The best way around this would be if instead of just creating extra threads in the plugin to let the plugin ask the host for extra processing threads. To my knowledge, the relatively new CLAP plugin standard is the only plugin standard that allows this as an optional feature, and then both the host and the plugin in question would require supplying/using that feature. VST3 just has no standardised way of managing this, so there is kind of a Wild West situation at the moment. I hope and expect this to be an area of further development in the near future as there are only winners with such development.
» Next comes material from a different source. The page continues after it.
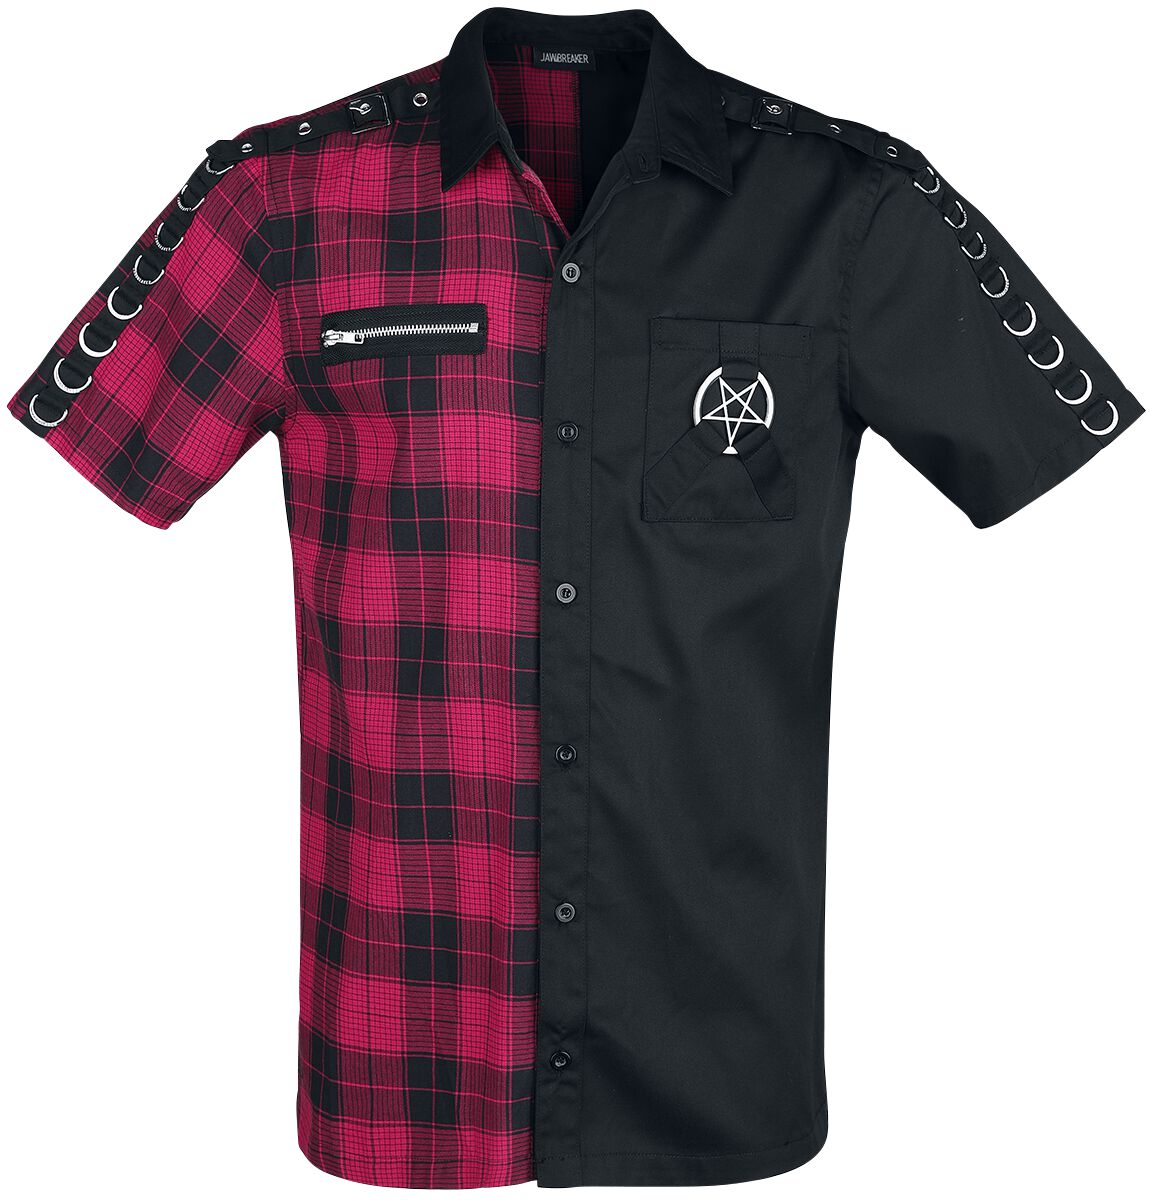 Jawbreaker Split Shirt Short-sleeved Shirt black red
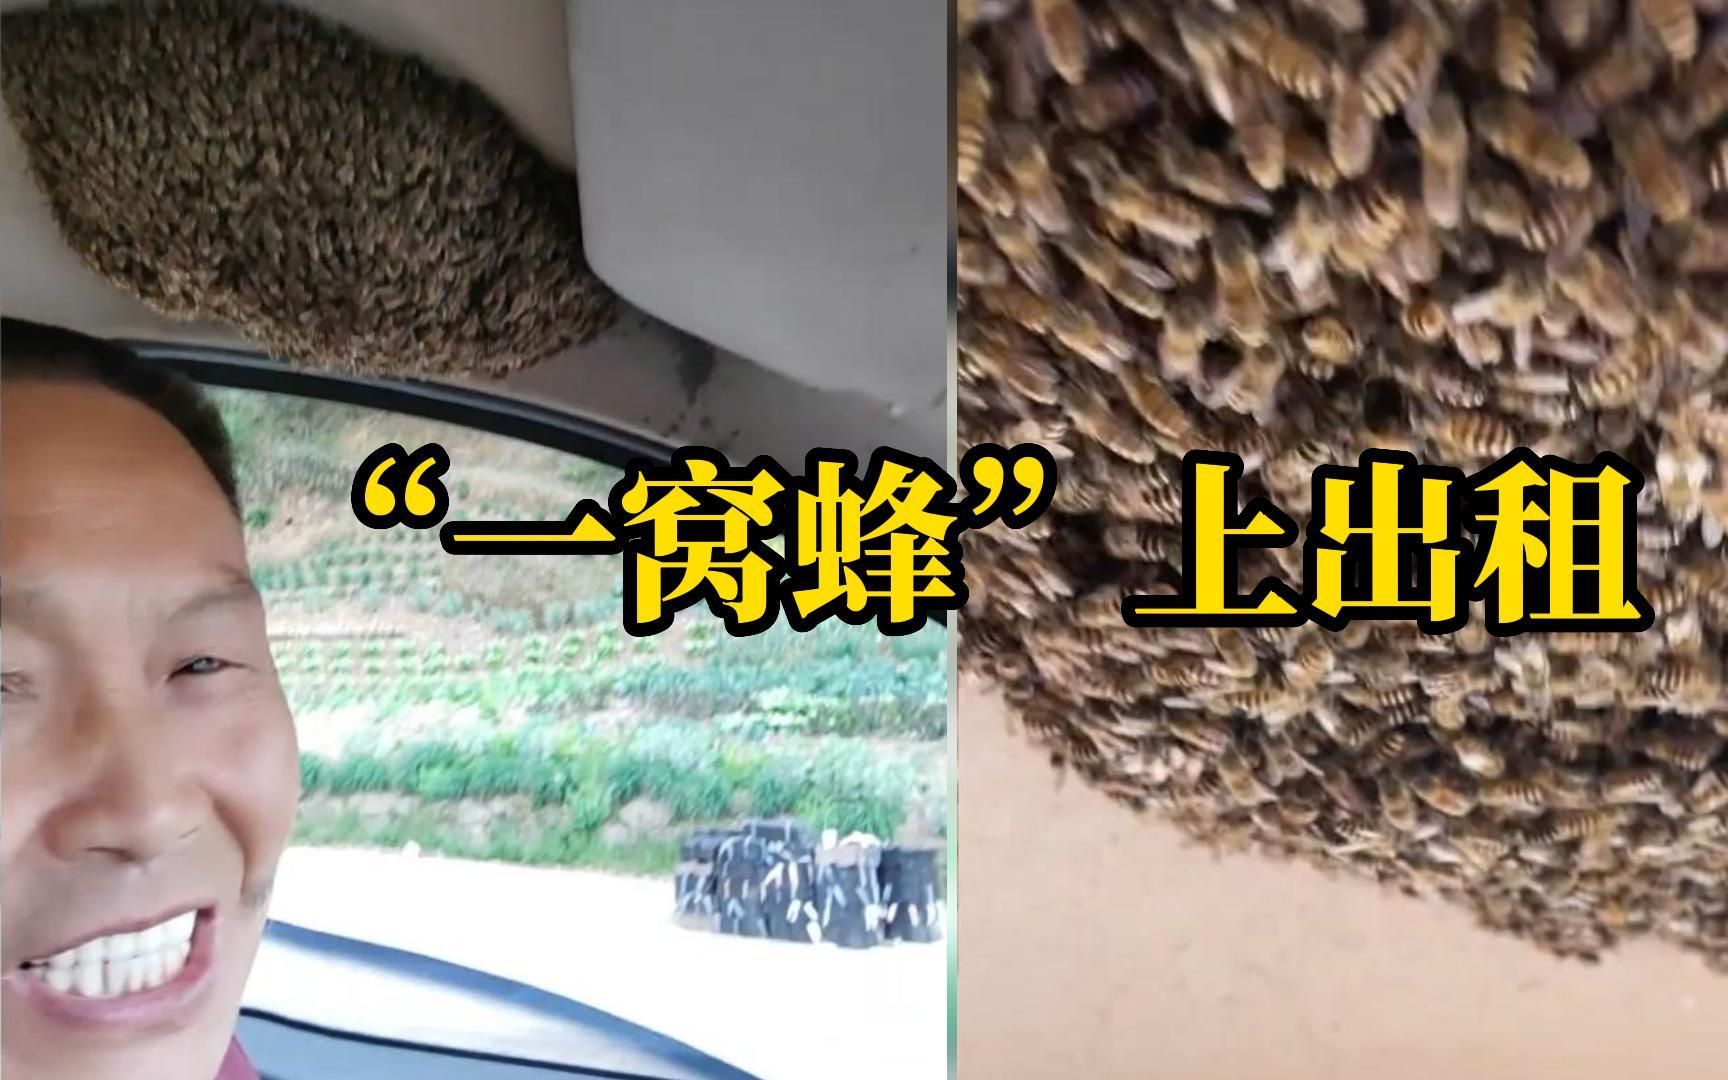 女子乘车遇车内一窝蜂，司机还笑着拍视频：发财咯

So at the time being, we are at the mercy of the operating system thread scheduler. Optimising a systems thread scheduler is a highly complex topic, where macOS and Windows take different routes. On macOS the scheduler has a specific concept of threads that contribute to the processing of realtime audio. Audio applications can access the Audio Workgroup API to give the system more information about threads that it creates to compute audio related workloads and the system will prioritise these workloads as long as the application does not violate its own predictions. Also here plugins can’t currently hook into the hosts audio workgroup, so if a plugin messes around with its own processing threads it might not get the same high priority resources as the host managed threads, which might ultimately lead to priority inversion problems. Still from my observation, the macOS scheduler often seems to manage to react fairly well to e.g. plugins also requesting extra threads. So we have a rather dynamic scheduler that knows the concept of real-time processing, but we have to rely on the scheduler doing its best with the given information, we cannot pin a processing thread to a certain CPU core. On Windows on the other hand, there is no real system level concept of specific audio threads and therefore, audio threads are competing for resources with other high priority threads. But on Windows and also on Linux we can e.g. pin threads to a certain CPU core or block threads from running on a certain core which is a more static approach of making sure that some resources of a CPU are nearly exclusively used by the intended threads or processes. This way it’s easy to degrade the overall performance of a system, so this should only be done for special cases where there the application runs in an isolated environment, but a plugin server could be seen as an environment like that – as long as plugins don’t start threads on their own and mess up with the hosts assumptions. I also wouldn’t be surprised of the special configured hardware that one manufacturer of defeedback plugins sells is basically a Windows or Linux system that is configured like that.

So that’s a basic overview of threading challenges for audio plugin hosts. And I realise that I didn’t even managed to answer half of your questions, but I hope it helped you gaining some more understanding in this area? Also note that I don’t have in depth knowledge of how the transform engine approaches some of those challenges in details, so take it more as a general overview that helps understanding some observations in the wild better.